IBM unveils nano-projector based VirtuaHuman with 1TB of memory
It walks, talks and tweets
April Fool Don Eigler – a researcher famous for spelling I-B-M with individual atoms – stunned the world once again today by revealing on his blog that a creature known as Robert Scoble is really a research project.
A few years back, IBM researchers started to think more and more about the potential rise of so-called virtual worlds exemplified today by creations such as Second Life. Impressed by their own vision and competence, the scientists decided to shoot past the limitations of server-based worlds and to enter the real world. And so they set about working on a prototype system that could interact with human beings in a near lifelike manner.
The end result? The Robert Scoble – a thing the world has come to know as a semi-autonomous blogger.
"Honestly, we had no idea that this would pan out when we initialized work on the project," Eigler said. "We're just beyond thrilled that the Scoble has enjoyed such success. This speaks volumes about IBM's insight and willingness to confront constrained, conventional, bandwagonny thinking."
IBM's Scoble contraption relies on a solar-powered nanoscale projector running an embedded version of Gringo Linux. Thanks to top secret work with graphene, IBM can arrange carbon atoms in a lattice so intricate and fantastic that the Scoble ships with close to 1TB of memory, which allows the system to form basic sentences and make simple gestures.
"It basically has the brain power of a dog that's been clubbed to the head a few times," Eigler said.
"That's why we busted into hysterics when it got a job at Microsoft. We just pushed the button, sent it in and let it go. Next thing we know one of our biggest competitors has hired a projection drone. It's awesome stuff."
IBM's staff also had little idea that their artificial intelligence software would give Scoble such a level of independence. Only days out of the lab, the creature fired up a blog where it discussed simple observations about the world such as how much it enjoyed cats that wear diapers and the smooth texture of peanut butter.
Later, the Scoble left Microsoft and managed to convince some of the world's most eager publishers to hire it. Thanks to a complex IBM quasi-numeric salary Pareto parser algorithm known as "CashMachineY" Scoble evolved into one of the best paid bloggers on the planet.
The IBM researchers were also fascinated by Scoble's interaction with virtual worlds and spaces. The real world-based Scoble entered Second Life and then later began conversing with himself on an application known as Twitter.
"It's Scoble use of Twitter that's probably the most impressive to us," said famed IBM researcher Irving Wladawsky-Berger. "You can see when he goes into glitch mode and writes things like 'Twitter is down,' 'I love Twitter,' "My underwear is fire hydrant,' 'Pizza is yum yum,' and the like. We just reboot him remotely when that happens and pray for more complete thoughts to come out again. Sometimes it works. Sometimes it doesn't.
"Either way, this is mind-blowing stuff. Twitter is awesome. Scoble is awesome. Plus, it's nice to have a warm body in our Second Life space."
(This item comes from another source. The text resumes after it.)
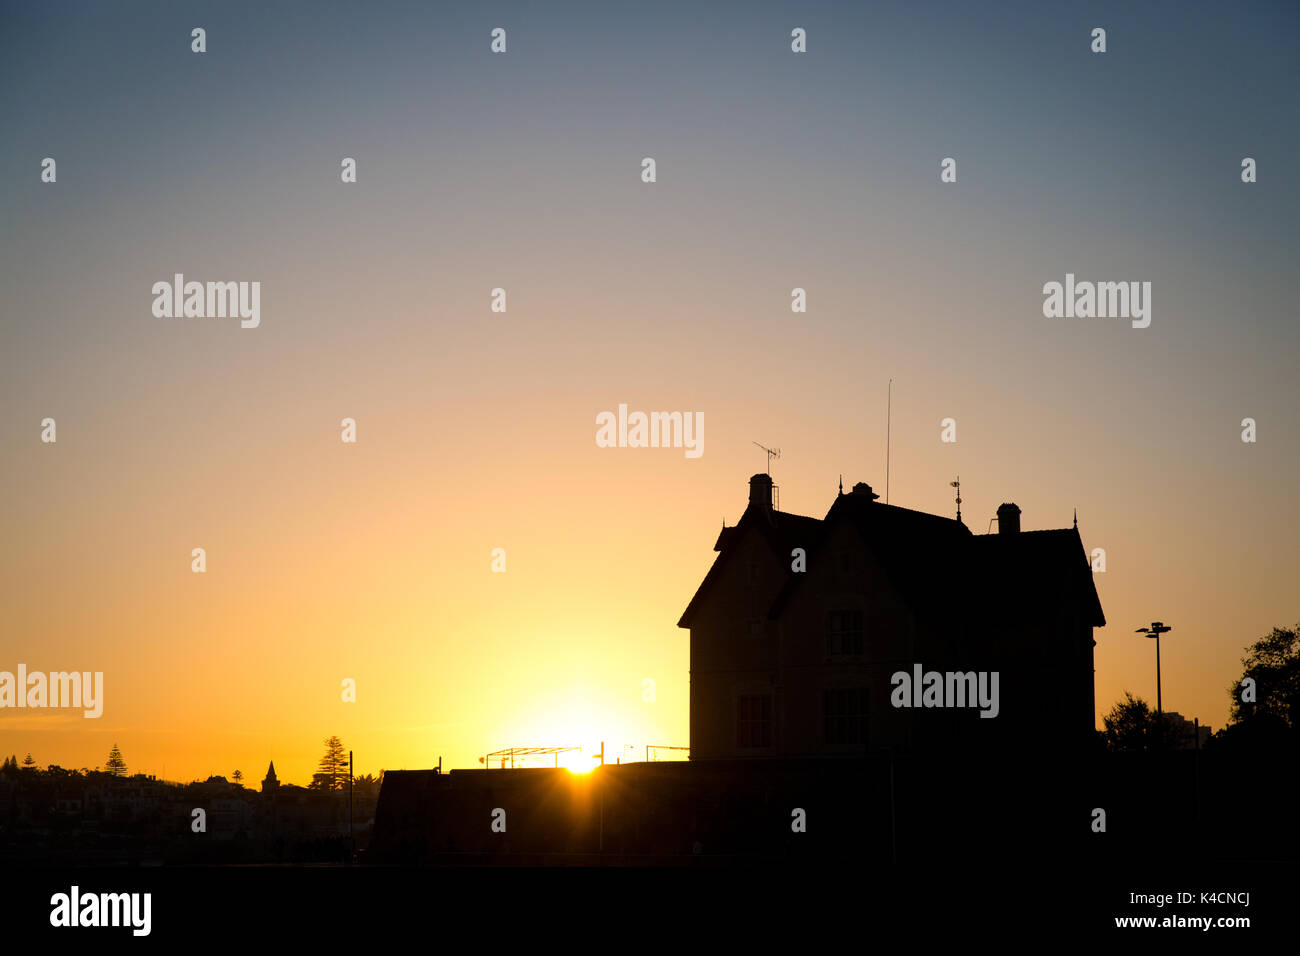 House Before Rising Sun Stock Photo

Since learning about the Scoble, critics have emerged who argue that the device demeans the spirit of the human experience.
"Frankly, I think it's disgusting that this thing, this drone has been able to out earn me," said Rob Enderle, chief consultant for the Enderle Group and vice president of Enderle International Dining Club Inc. "I had cornered the market on vacuous, non-committal observations about the technology market. To be bested by a nano particle is depressing, and I think something that could concern all man.
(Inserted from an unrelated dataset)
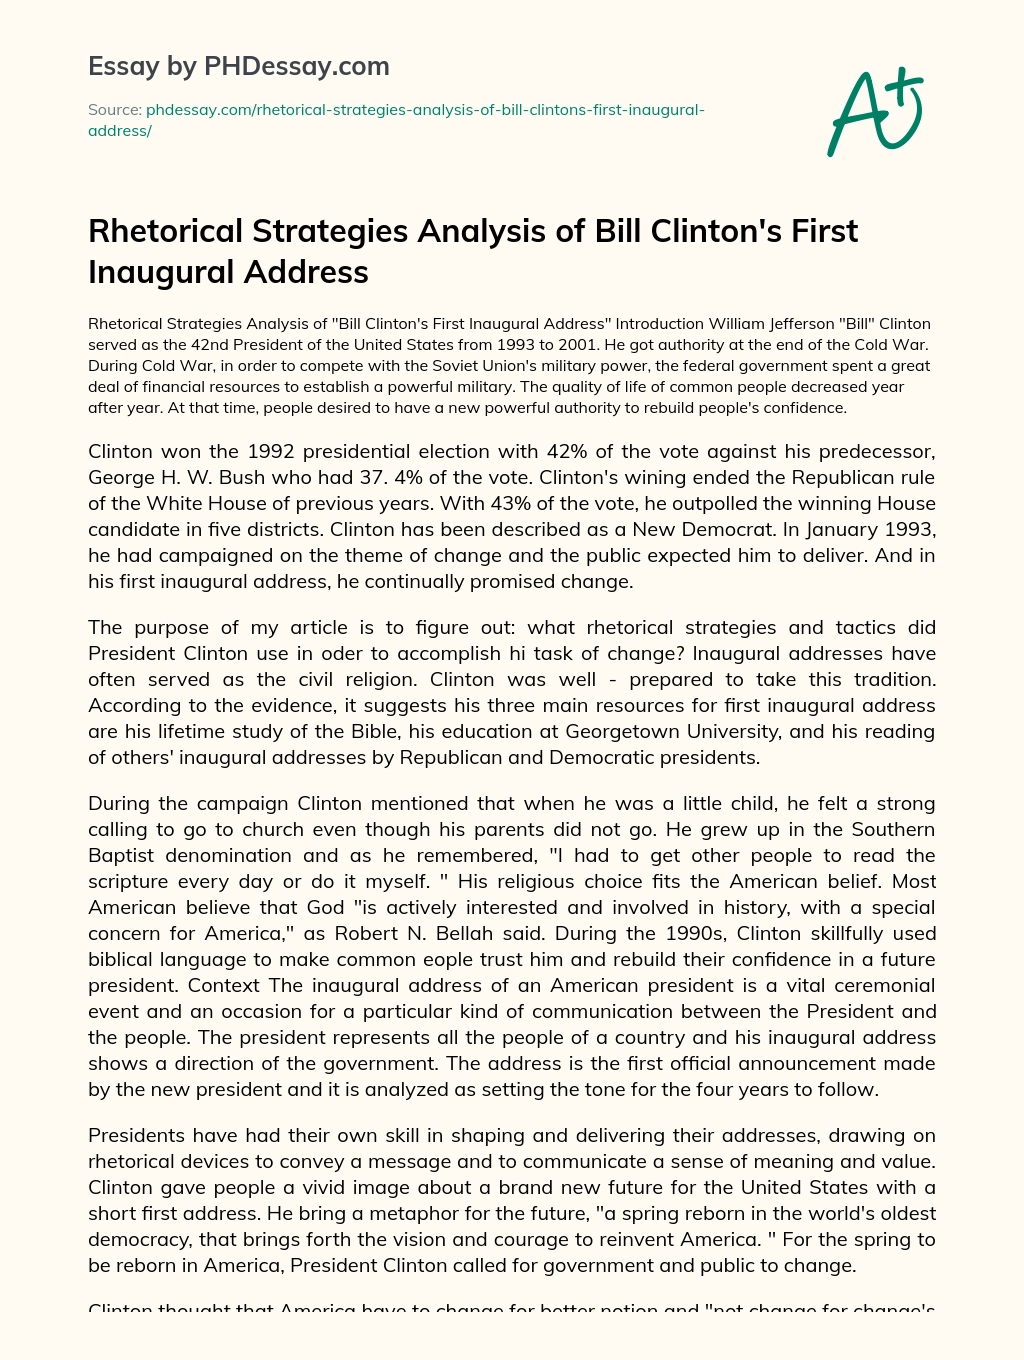 Rhetorical Strategies Analysis of Bill Clinton’s First Inaugural Address essay

"That said, I'm looking forward to the consulting opportunities that this research may present. I think the technology could be both good and bad and expensive or cheap, depending on the circumstances.
"It's also certainly possible that I could expand my business via a Scoble of my very own, which is exciting. And frightening. I think he can take the HP account."
Later this year, IBM plans to recall the Scoble to its Watson Research center where it will upgrade the system with new firmware and another 500GB of memory. The company expects that this refresh will allow the Scoble to blog in entire paragraphs and take early steps toward forming abstract thoughts.
As a show of good faith and world flattening, the Chinese Olympic Committee also plans to team with IBM around having the Scoble write about this summer's games for the official state-run newspaper.
The Register caught up with Scoble to discuss some of these exciting, upcoming events, although the device suffered from a memory-leak which caused it to guffaw over and over again throughout the duration of our interview. IBM was unable to fix the glitch, despite hitting Ctrl-Alt-Delete repeatedly on a nano scale keyboard located near the system's anus.